At least I can tell myself that the days are getting longer, even if I don't actually notice it yet. Sunlight will help. Oh yeah, there's San Jose too; details on that later.

Date: 2003-01-09 07:43 pm (UTC)
From: [identity profile] anotheranon.livejournal.com
That's a lot going on at once for anyone :( I know that nothing I can say would be adequate, but I do hope you are feeling better.

San Jose will be good for you - change of climate (hopefully warmer, or at least more moderate) and a change of scenery away from the drama.

Date: 2003-01-09 08:17 pm (UTC)
From: [identity profile] rmjwell.livejournal.com
I hope San Jose cheers you up. Speaking of which, might there be time in your schedule out here for us to rendezvous for hot, monkey... coffee?

I love your userpic, too. :-)

Date: 2003-01-09 08:26 pm (UTC)
geminigirl: (Default)
From: [personal profile] geminigirl
You know, no one at work understood when I used monkey in the same context you did. I had to explain it. And it's not easy to explain.

Date: 2003-01-10 12:24 am (UTC)
From: [identity profile] rmjwell.livejournal.com
I wish I remembered where I first encountered the term "hot monkey love", but I don't.

It's up there with "butt-fuck Egypt" as being one of the weird, but mostly well-known terms around.

Date: 2003-01-10 06:29 am (UTC)
geminigirl: (Default)
From: [personal profile] geminigirl
BFE has always been synonmous with "Guam" as in "Oh where did you park the car, the lot is so crowded?" "Oh, I parked over there in Guam."

In high school there was student parking on both the left and right hand sides of the building-the right hand lot, near the tennis courts was Guam. The left hand lot, back by the backstops was known as BFE.

I used the phrase "Mad Monkey Sex" to describe what I used to do with the roommate of a co-worker's nephew. My boss asked me, "So you went out with him?" "No, S. I just had sex with him. We'd get together, study for chemistry and then we'd have sex."

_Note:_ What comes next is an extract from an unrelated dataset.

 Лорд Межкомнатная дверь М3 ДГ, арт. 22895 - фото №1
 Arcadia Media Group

I still can't believe that I had to explain "mad monkey sex" and that J. another co-worker stood there trying to describe how monkeys bit each other during sex.

Re: hot monkey coffee

Date: 2003-01-10 12:26 am (UTC)
From: [identity profile] rmjwell.livejournal.com
What's the date range we're talking about here, just so I'm clear. But that sounds manageable.

BTW it was miserably rainy here today, so I hope we can oblige you.

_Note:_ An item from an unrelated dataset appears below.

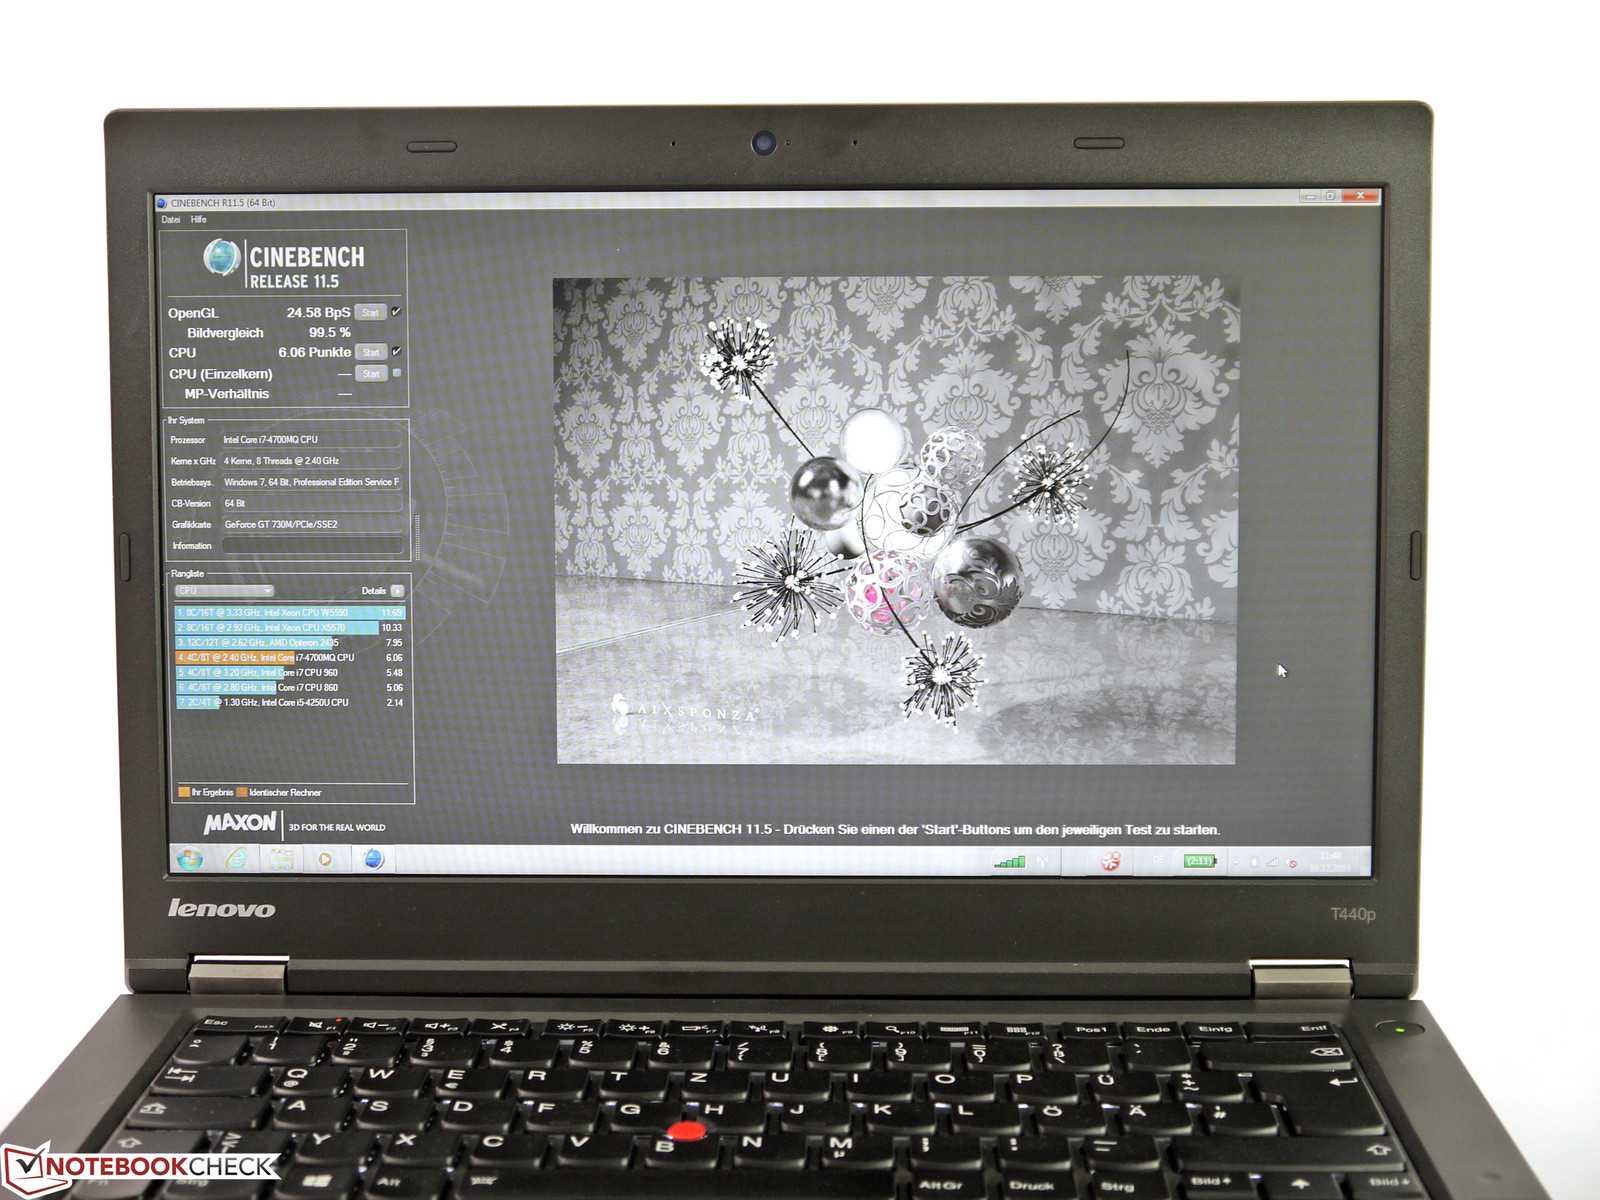 Lenovo thinkpad x121e - описание, характеристики, тест, отзывы, цены, фото

Date: 2003-01-09 08:58 pm (UTC)
From: [identity profile] hopeforyou.livejournal.com
Would you like a hug when you get here?

I'm sorry that you've been having a rough time, and been feeling depressed. I've been having my own bout with SAD lately. I vote for chocolate and a walk in the sun, if you're up for it.

Date: 2003-01-09 09:39 pm (UTC)
geminigirl: (Default)
From: [personal profile] geminigirl
It's hard to feel so trapped inside these days; I get up and get home in the dark. Especially since I've also got a windowless office. I've moved walking inside to the treadmill instead of outside (although one would think in the misery of summer I'd want to do that too, but the sunshine is just too promising.)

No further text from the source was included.